Some concrete examples of my favourite moments:

In a very old game called Ys II, a villain announces that he's about to execute one of your companions, with a bell chiming some number of times before the execution takes place. It's only a short walk from where the villain makes the announcement to where the execution takes place, but every ringing of the bell stretches that time out in an agonising way that isn't available to passively watching a sequence. Hands on the controller, the experience of time stretching out is much more raw due to the contrast between agency and disempowerment.

In Ys VIII, there is a sequence where you climb a mountain that has been looming in your vision for some time now, to reunite with a friend who was been distant in time and space for some time now. Fighting your way to the top, you catch a glimpse of the ruins she's been sleeping in, before descending through a network of caves, the ruins dipping in and out of sight. Same sense of the elasticity of time again. The game's writing is clever too, as your other non-player character companions will remark on the journey and how they feel about meeting the waiting friend.

On the other side of things, there's a sequence in Final Fantasy XI where you have to traverse some repositories of memory that are breaking down and being unmade by a curse. Being immersed in a deeply reflective state as you wander broken down buildings, giant animal skeletons, a graveyard is a kind of very harrowing walking meditation. In this case time slows down and the subjective experience of the decay of time seeped into me in a way I haven't experienced from other media.

--

Another different example, the director Hideo Kojima is fascinated by the nexus of cinema, games, and their communal nature. The fact that games as a medium are capable of creating a shared, interactive experience of something filmic is really interesting.

Anyway, very long writeup, that's some of my take on how games are incredibly rich as a medium.
@sandriver @evan but can a game really give you the insight about life, love, humanity, philosophy, and whatever else a good book or movie can inspire in you?
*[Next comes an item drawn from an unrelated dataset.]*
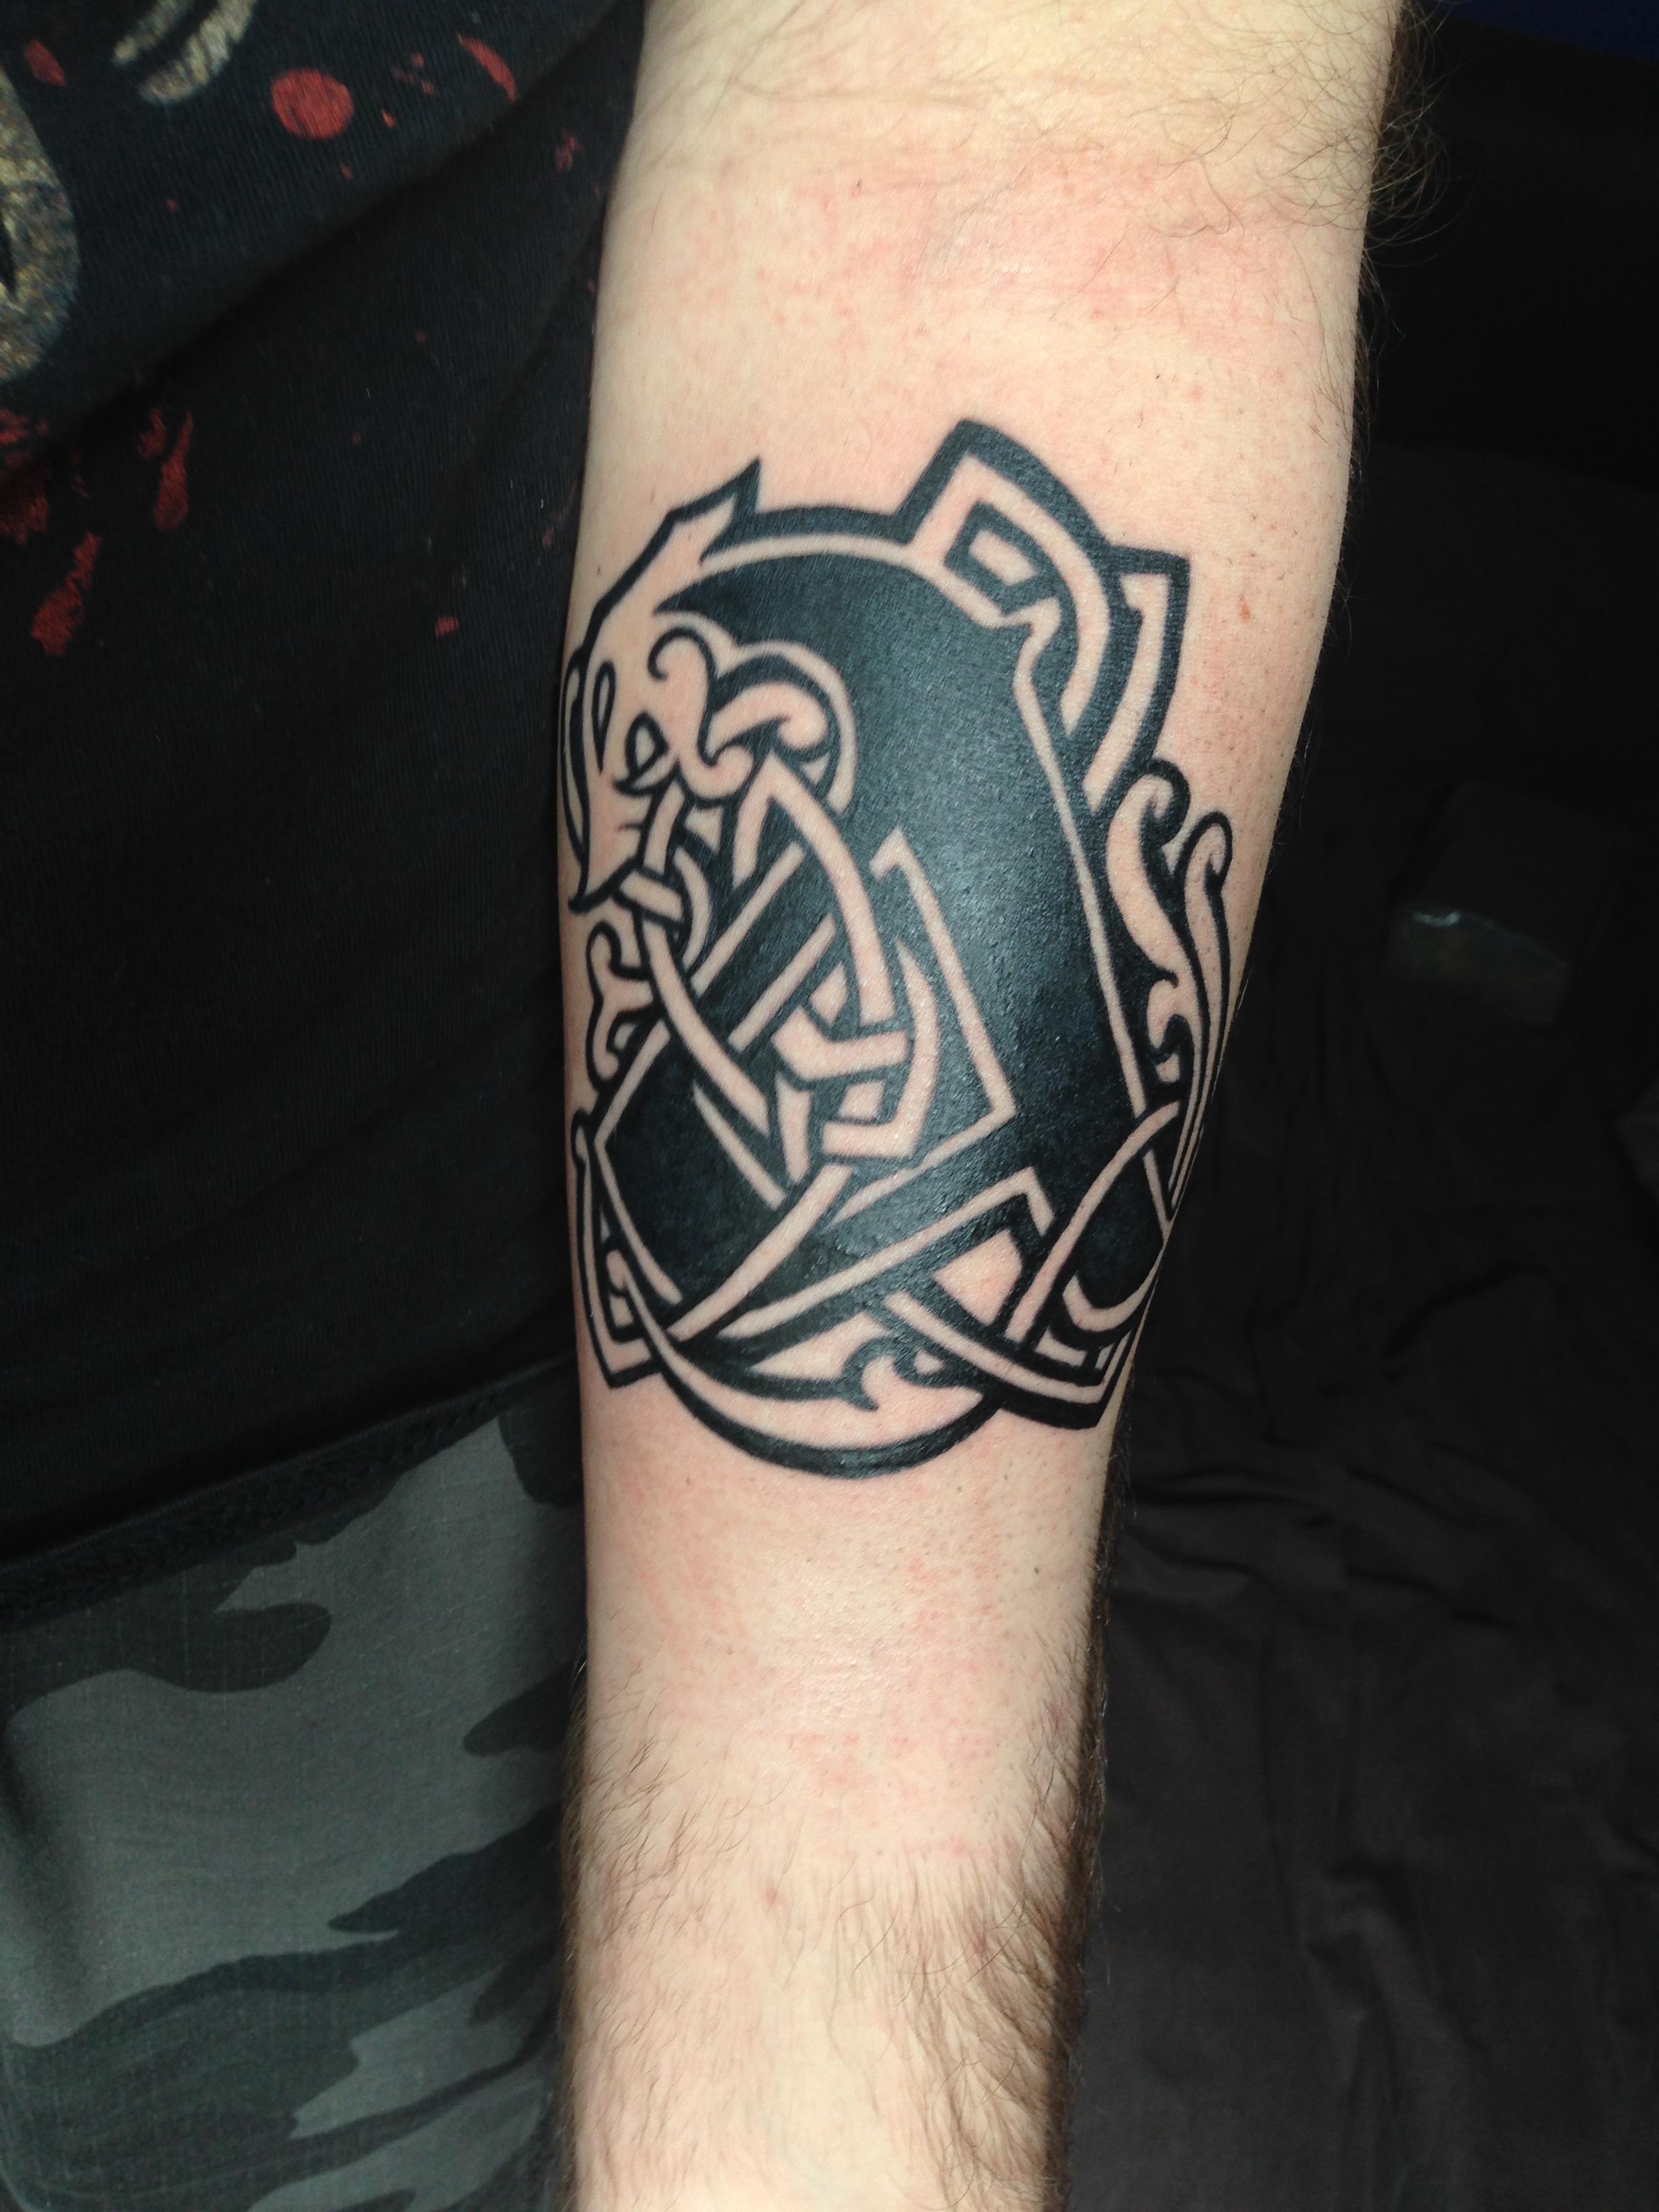 amon amarth tattoo - Google zoeken | Nordic tattoo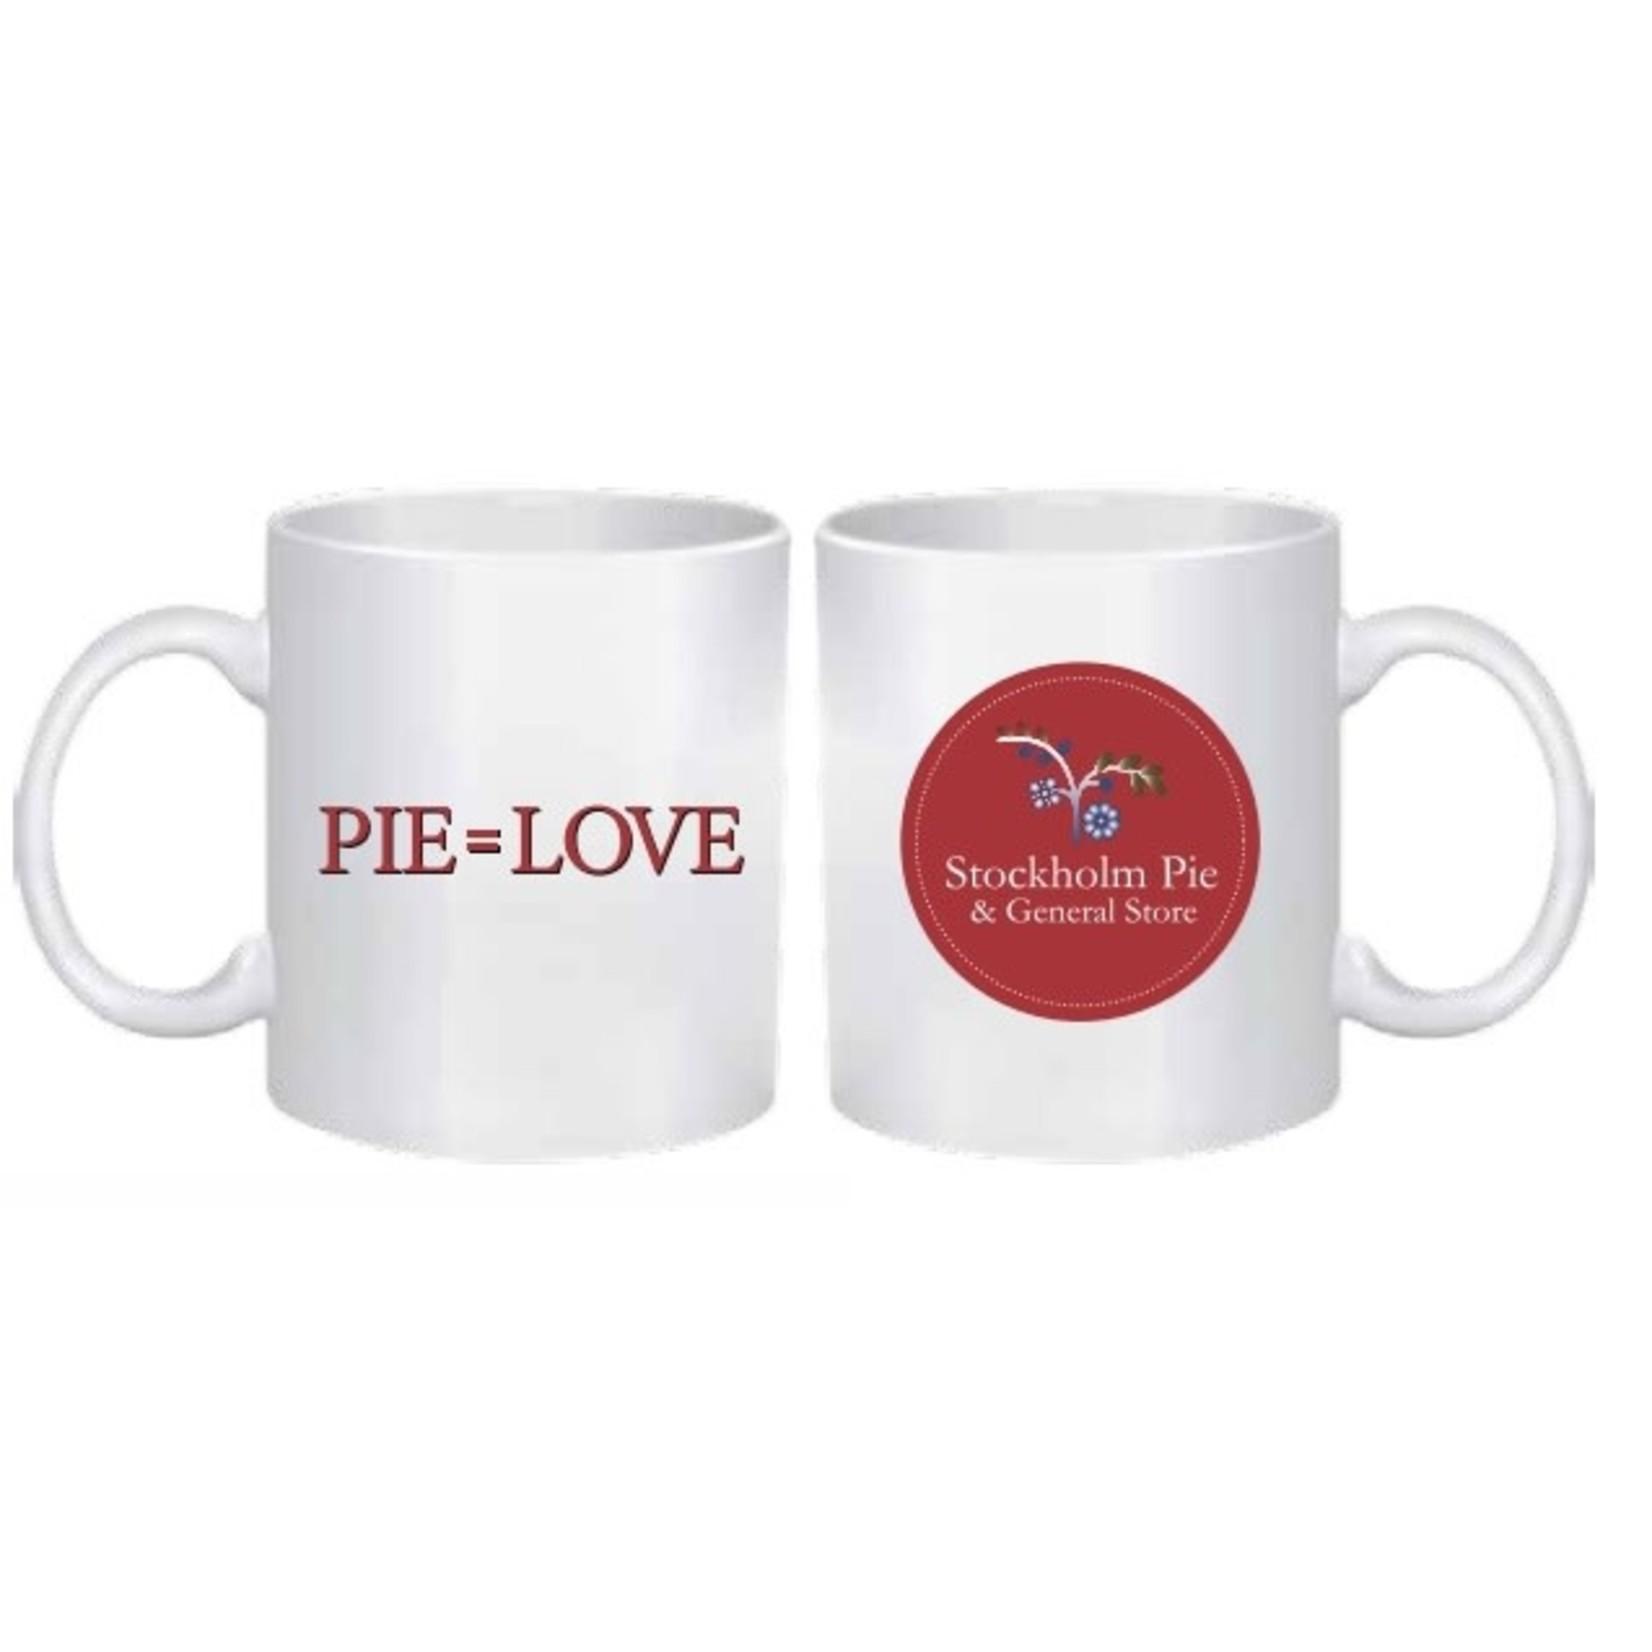 Private Label Stockholm & Pie Logo Mug

Can a game make you restructure the way you think about all those things, and bring the kind of wisdom that a well-written movie or book can? Can it take you through that kind of emotional experience? I'm not talking about action movies or special effects.
@jamesmarshall @evan absolutely! Why would there be anything inherent to the medium that should preclude that? Cinema has given us lay theologians like Tarkovsky and lay philosophers like Mamoru Oshii; games have attracted the likes of Tetsuya Takahashi who has brought spirituality and the philosophy of Erich Fromm to games, and cultivated a generation of writers drawing from his same inspirations as well as Bertolt Brecht. Yaeko Sato has written brilliant narratives about found family and pan-spiritual notions of repentance and love. Masato Kato is famous for his Balzac-light cast of thousands worldbuilding and richly interwoven narratives.

The high standard of writing in literature and theatre is just as present in games, just games facilitate unique experiences through their inherent capacity for real-time collaboration between audience members, and the unique nature of their interactivity.